───── Records for the exercise ─────
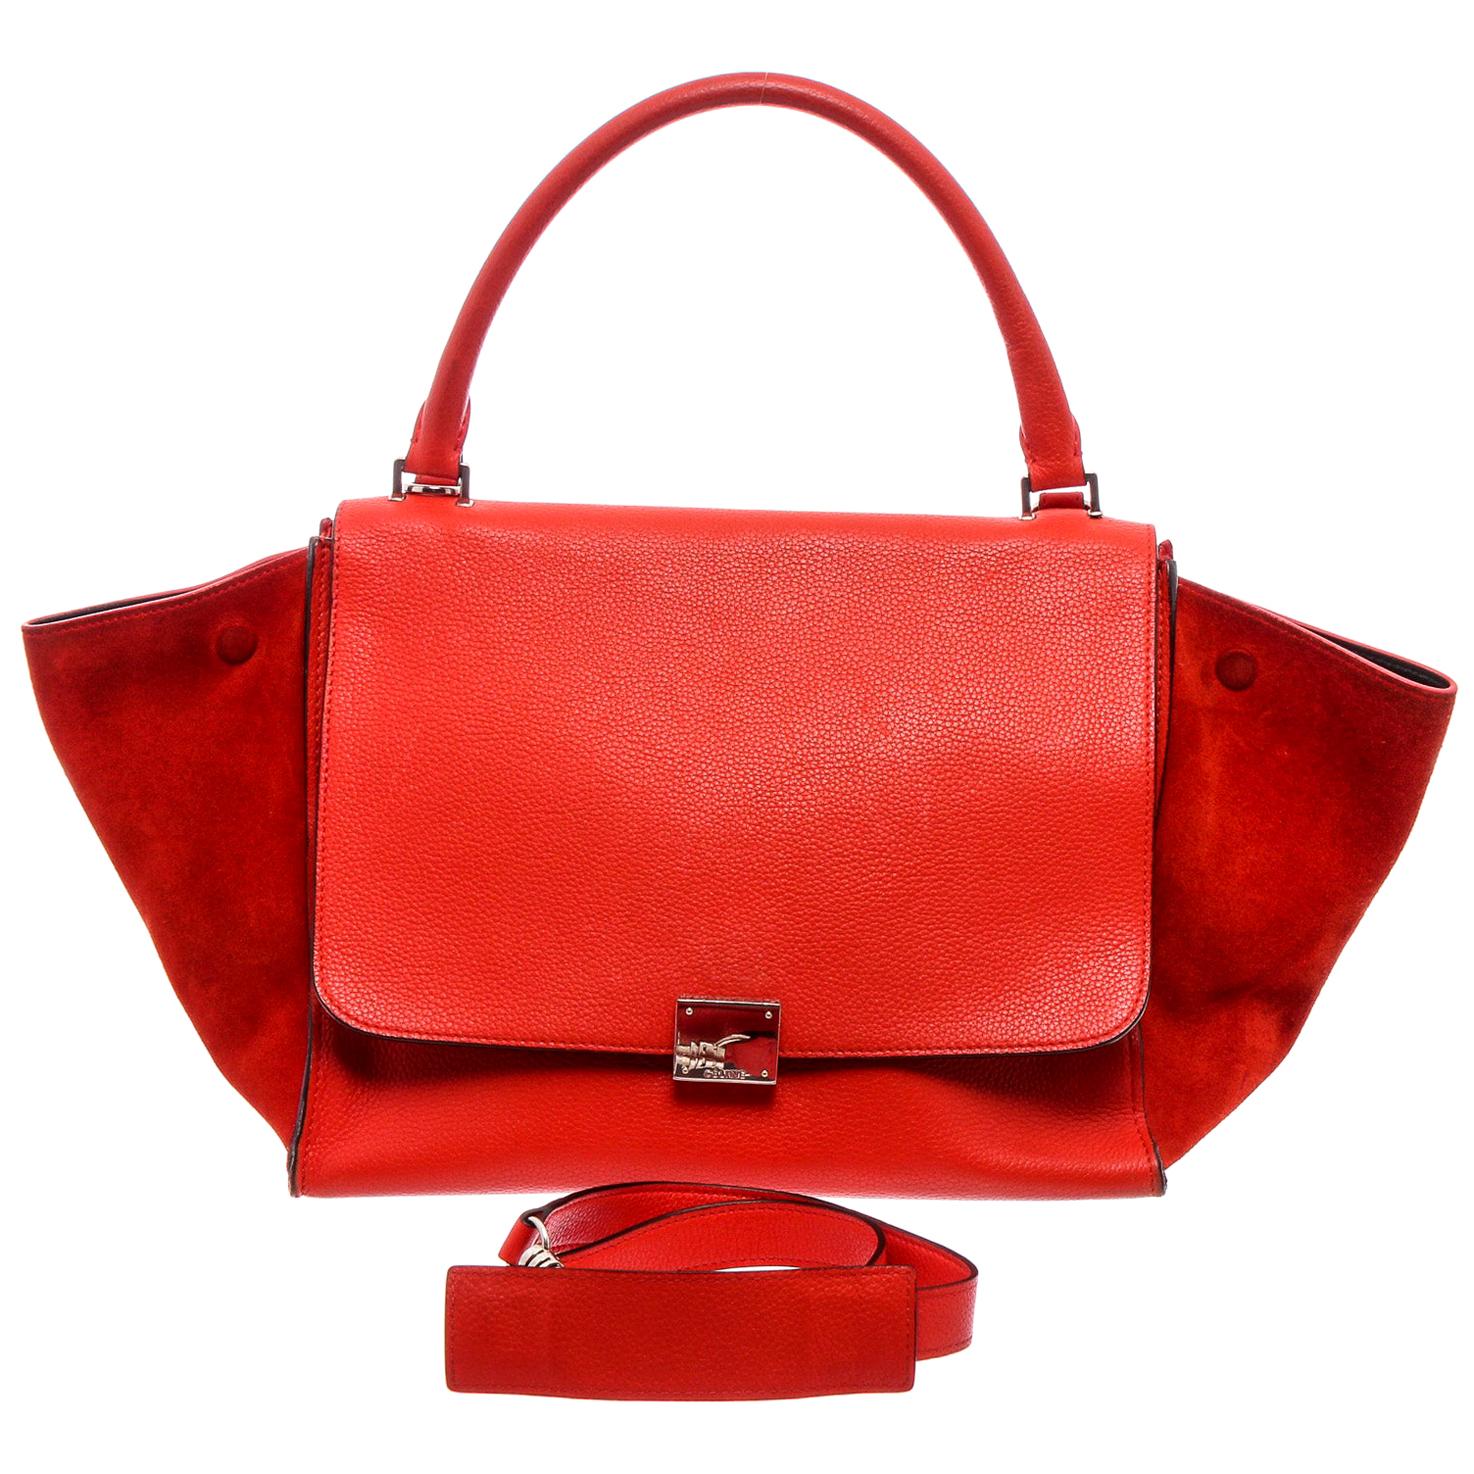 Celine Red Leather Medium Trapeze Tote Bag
─────
───── Records for the exercise ─────
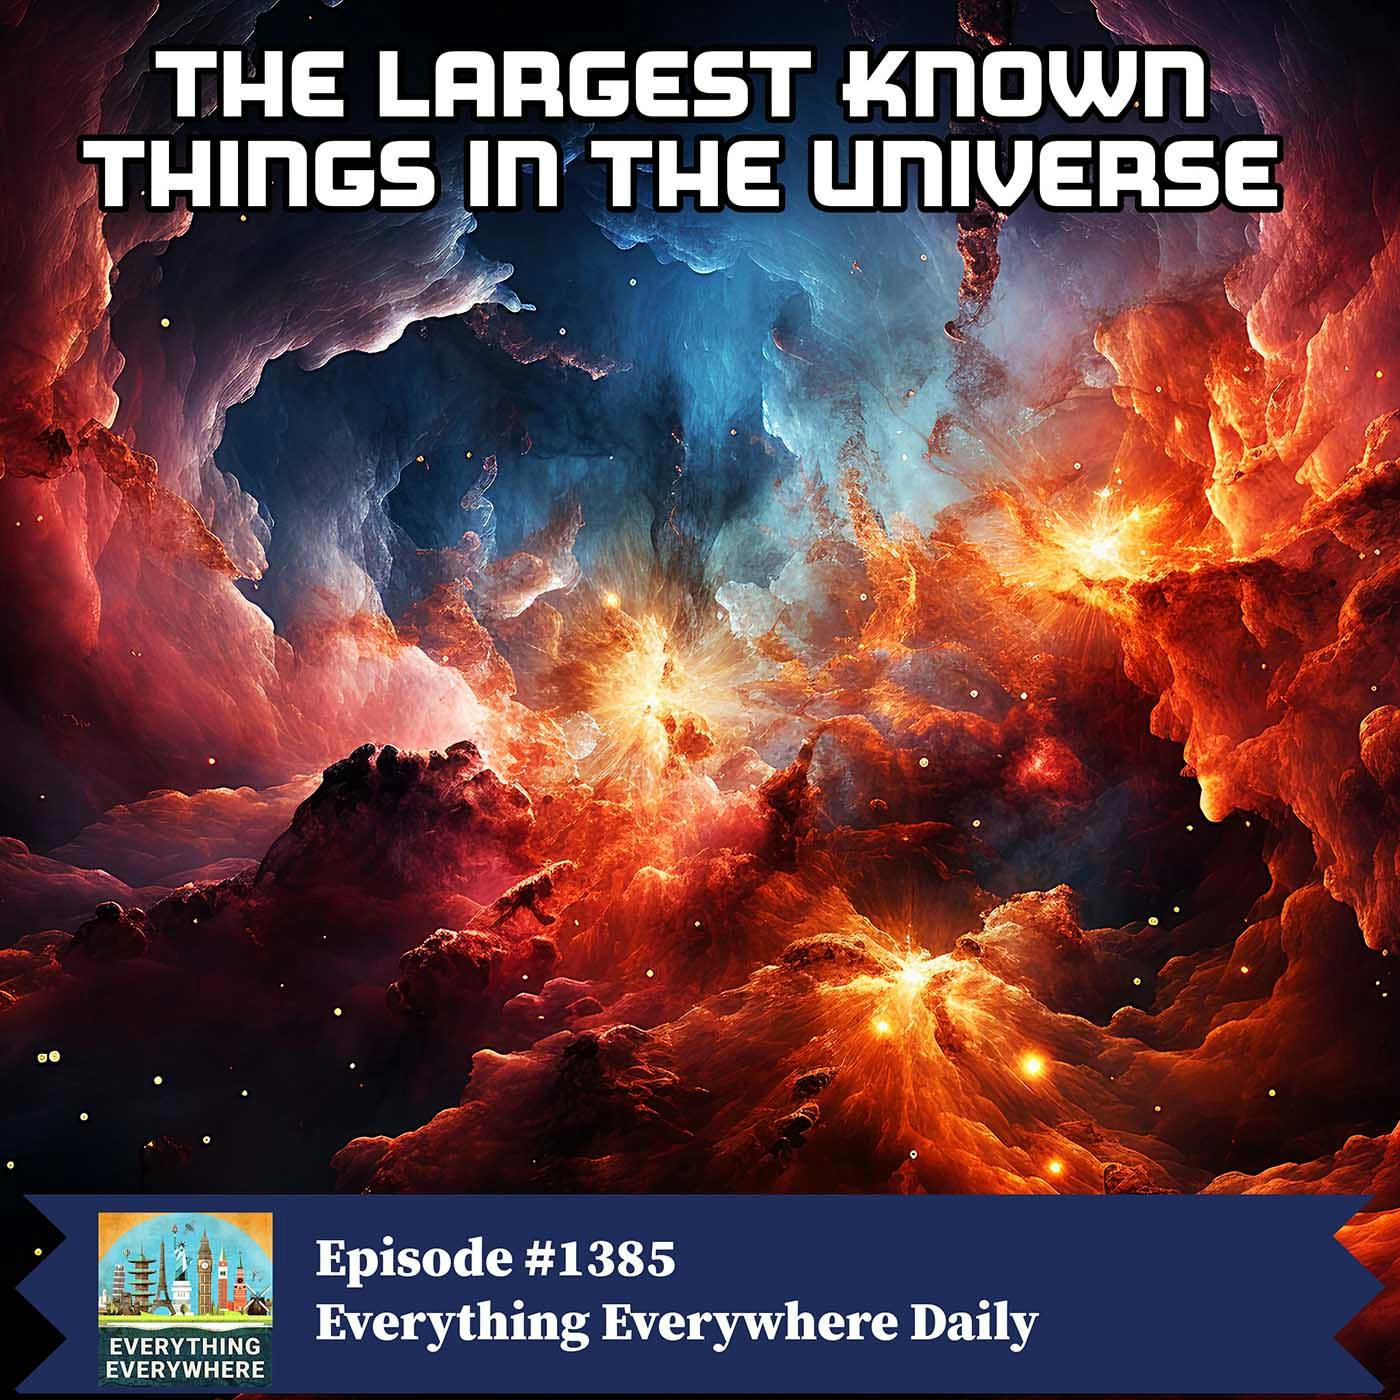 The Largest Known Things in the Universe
─────
───── Records for the exercise ─────
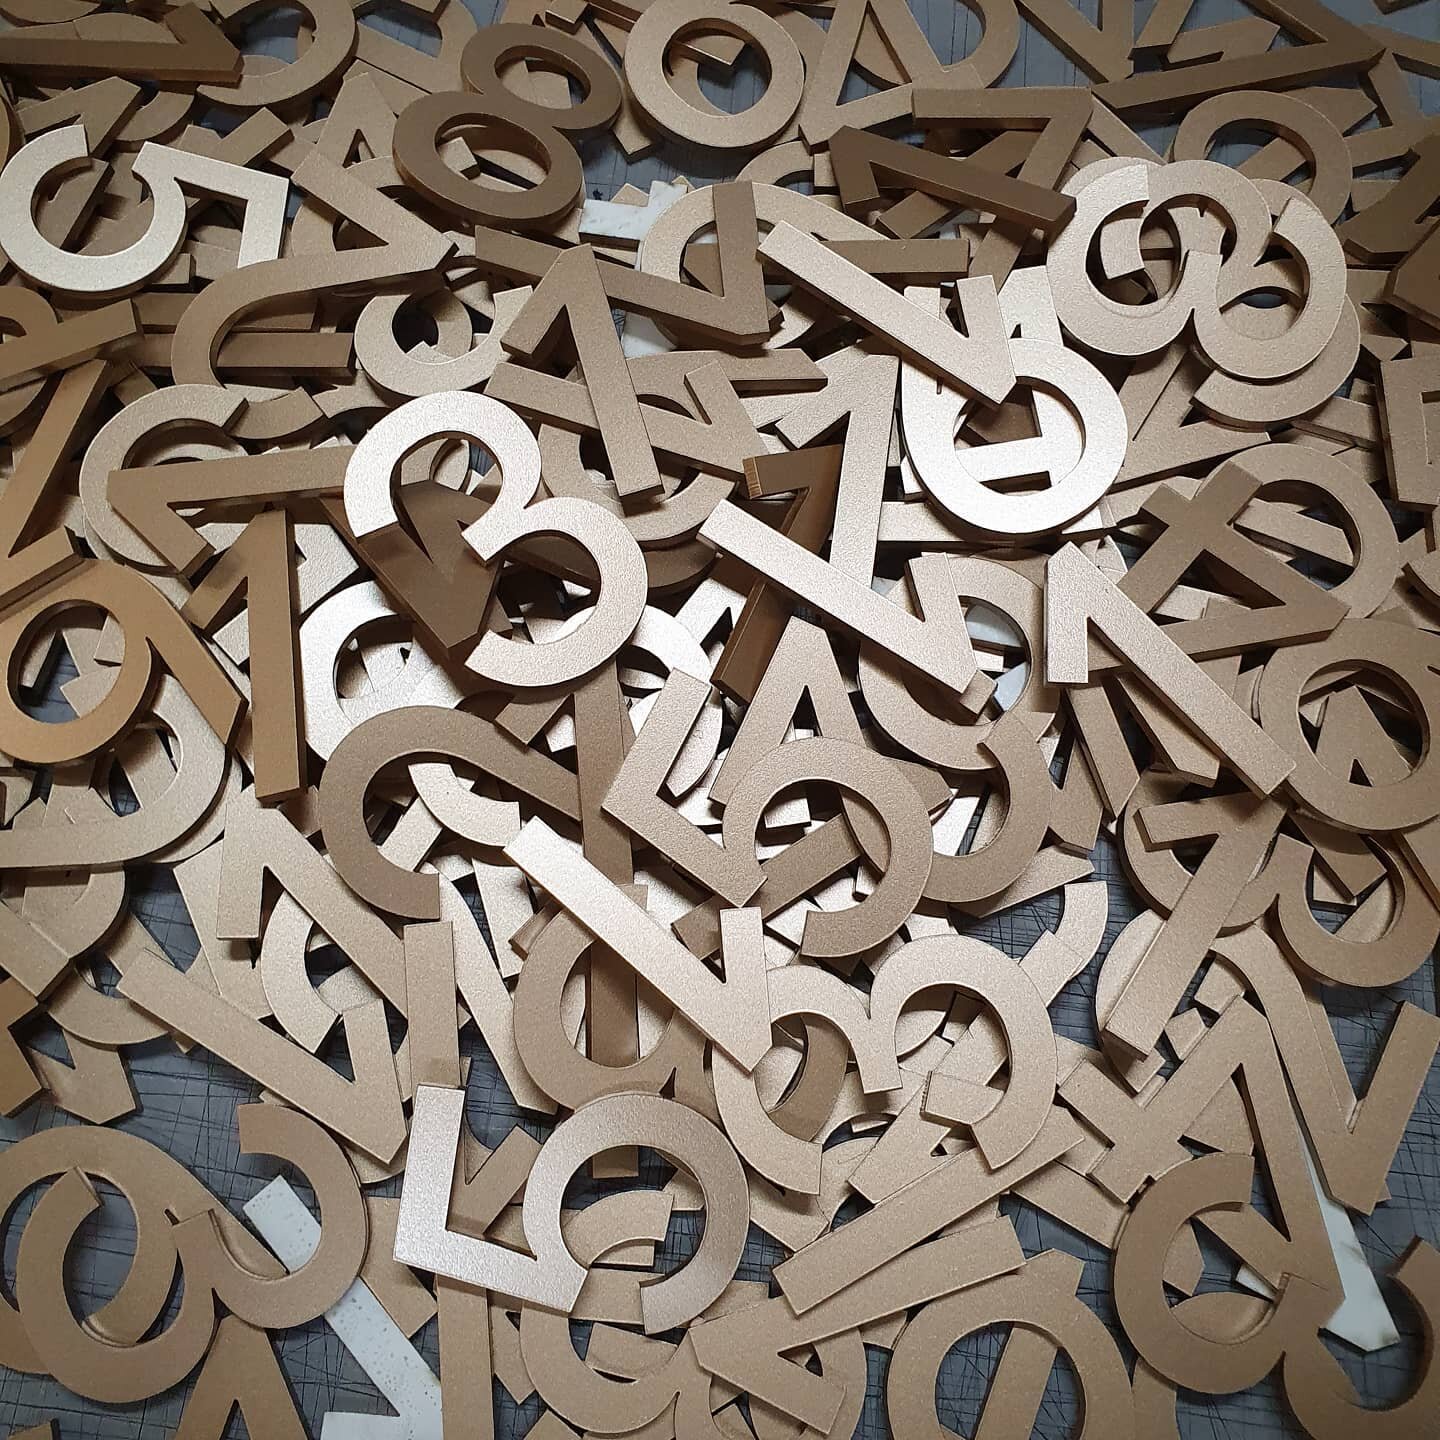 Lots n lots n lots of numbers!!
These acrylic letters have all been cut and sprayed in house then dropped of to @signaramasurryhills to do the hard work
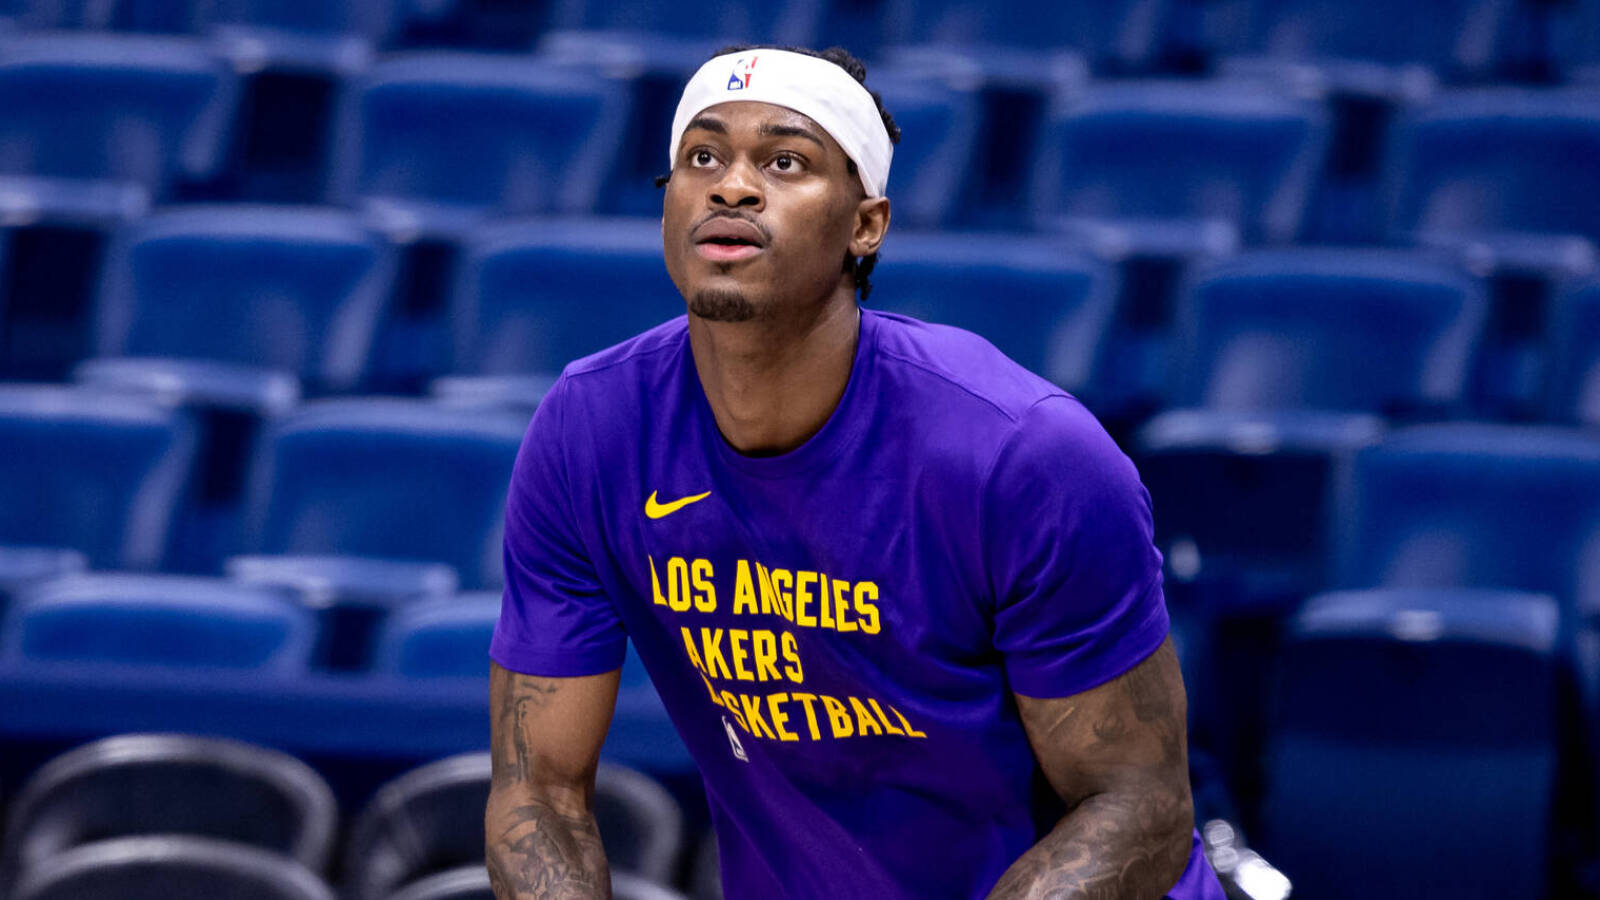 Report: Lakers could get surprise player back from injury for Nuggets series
─────
• **Problem requirements**: Print exactly the lines above that run from the one with "These acrylic letters" down to the one with "Report: Lakers could", and omit the pictures.

• **Exercise output**:
These acrylic letters have all been cut and sprayed in house then dropped of to @signaramasurryhills to do the hard work
 Report: Lakers could get surprise player back from injury for Nuggets series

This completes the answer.